Observation:A Numpy array is a valid sequence of sequences and can be used asdata
main argumentinsert
method, so a specialized method is not required.
file inserts
Oclickhouse_connect.controller.tools
includes theinsert_file
method that allows you to insert data directly from the file system into an existing ClickHouse table. The analysis is delegated to the ClickHouse server.insert_file
accepts the following parameters:
Parameter | Type | Standard | Description |
---|---|---|---|
client | Client | Mandatory | Odriver.client used to insert |
low hill | calle | Mandatory | The ClickHouse table to insert. The full name of the table (including the database) is allowed. |
File route | calle | Mandatory | The native file system path to the data file |
fmt | calle | CSV, CSVComNomes | The ClickHouse input format of the file. CSVWithNames is assumed ifcolumn_names not provided |
column_names | string sequence | None | A list of column_names in the data file. Not required for formats that include column names |
database | calle | None | Table database. Ignored if the table is fully qualified. If not specified, the insert will use the client's database |
settings | saying | None | verconfiguration description. |
For files with inconsistent data or date/time values in an unusual format, settings that apply to data imports (such asinput_format_allow_errors_num
miinput_format_allow_errors_num
) are recognized by this method.
matterclickhouse_connect
ofclickhouse_connect.conductor.toolsmatterinsert_file
client=clickhouse_connect.get_customer()
insert_file(client, 'example_table', 'mis_datos.csv',
settings={'input_format_allow_errors_ratio': .2,
'input_format_allow_errors_num': 5})
Raw API
For use cases that do not require transformation between ClickHouse data and native or third-party data types and structures, the ClickHouse Connect client provides two methods for direct use of the ClickHouse connection.
Clientraw_queryMethod
Oclient.raw_query
The method allows direct use of ClickHouse's HTTP query interface via the client connection. The return value is a raw valuebytes
object. It provides a convenient wrapper with parameter binding, error handling, retries, and configuration management using a minimal interface:
Parameter | Type | Standard | Description |
---|---|---|---|
consultation | calle | Mandatory | Any valid ClickHouse query |
parameters | dictate or iterable | None | verParameter description. |
settings | saying | None | verconfiguration description. |
fmt | calle | None | ClickHouse output format for the resulting bytes. (ClickHouse uses TSV if not specified) |
use_database | bool | TRUE | Use the client-designated clickhouse-connect database for the query context |
It is the caller's responsibility to handle the result.bytes
object.
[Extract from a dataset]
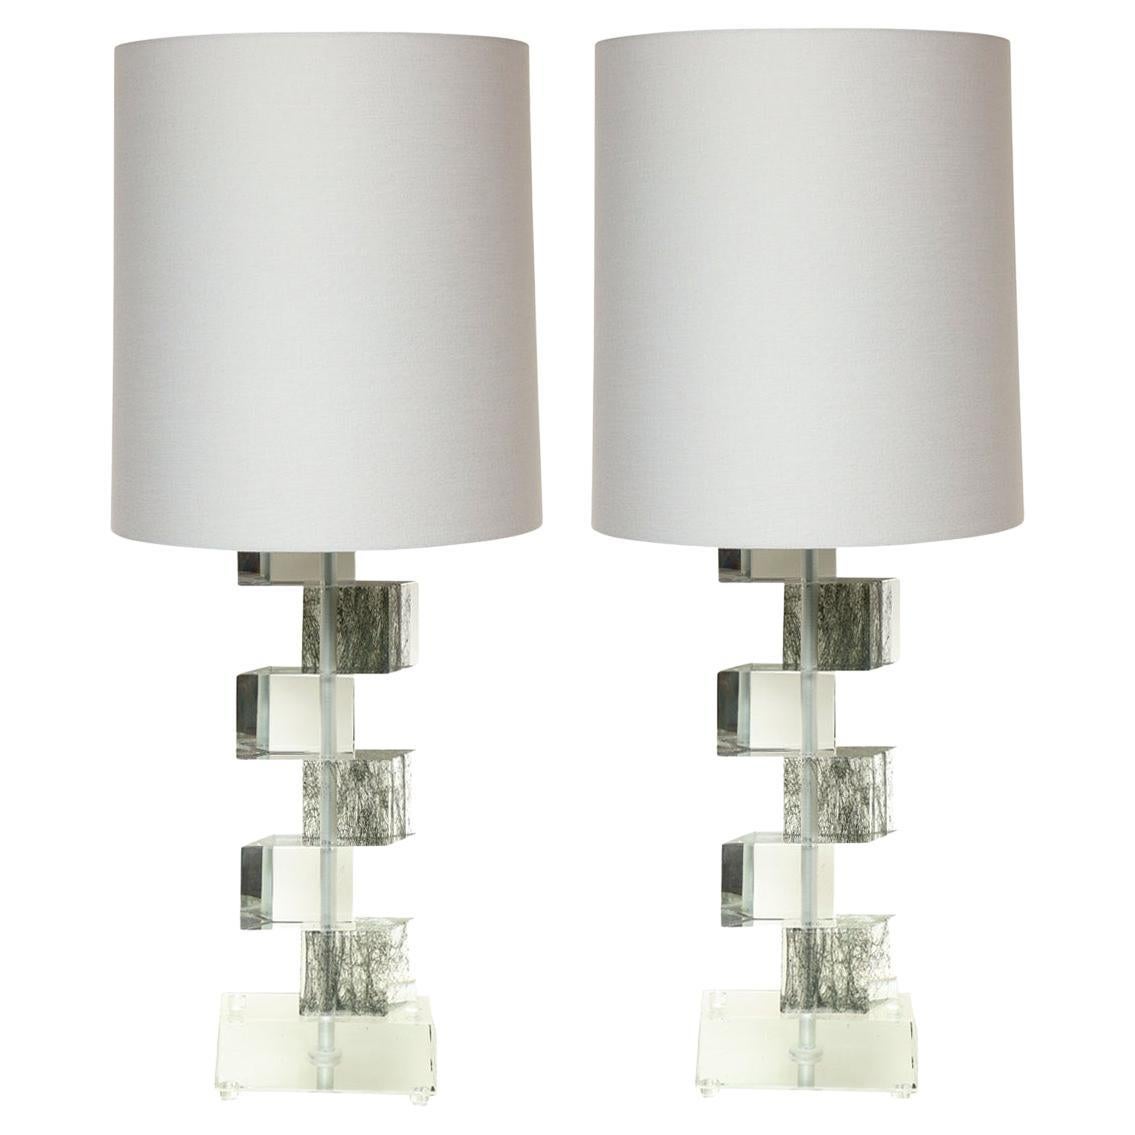 Artisan Pair of Murano Glass Block Table Lamps 2022

Please note that theCustomer.query_arrow
it's just a wrapper around this method using ClickHouseSeta
Output format.
Clientraw_insertMethod
OCliente.raw_insert
The method allows direct insertions ofbytes
objects orbytes
object generators using the client connection. Since it does not process the payload of the insert, it has high performance. The method provides options for specifying settings and entering the format:
Parameter | Type | Standard | Description |
---|---|---|---|
low hill | calle | Mandatory | The name of the qualified or simple table in the database |
column_names | sequence[string] | None | Column names for the insert block. Required if thefmt parameter does not include names |
insert_block | str, bytes, Generador[bytes], BinaryIO | Mandatory | Data to insert. The strings will be encoded with the client's encoding. |
settings | saying | None | verconfiguration description. |
fmt | calle | None | ClickHouse input formatinsert_block bytes (ClickHouse uses TSV if not specified) |
It is the responsibility of the caller that theinsert_block
is in the specified format. ClickHouse Connect uses these rawinserts to load PyArrow files and tables, delegating the analysis to the ClickHouse server.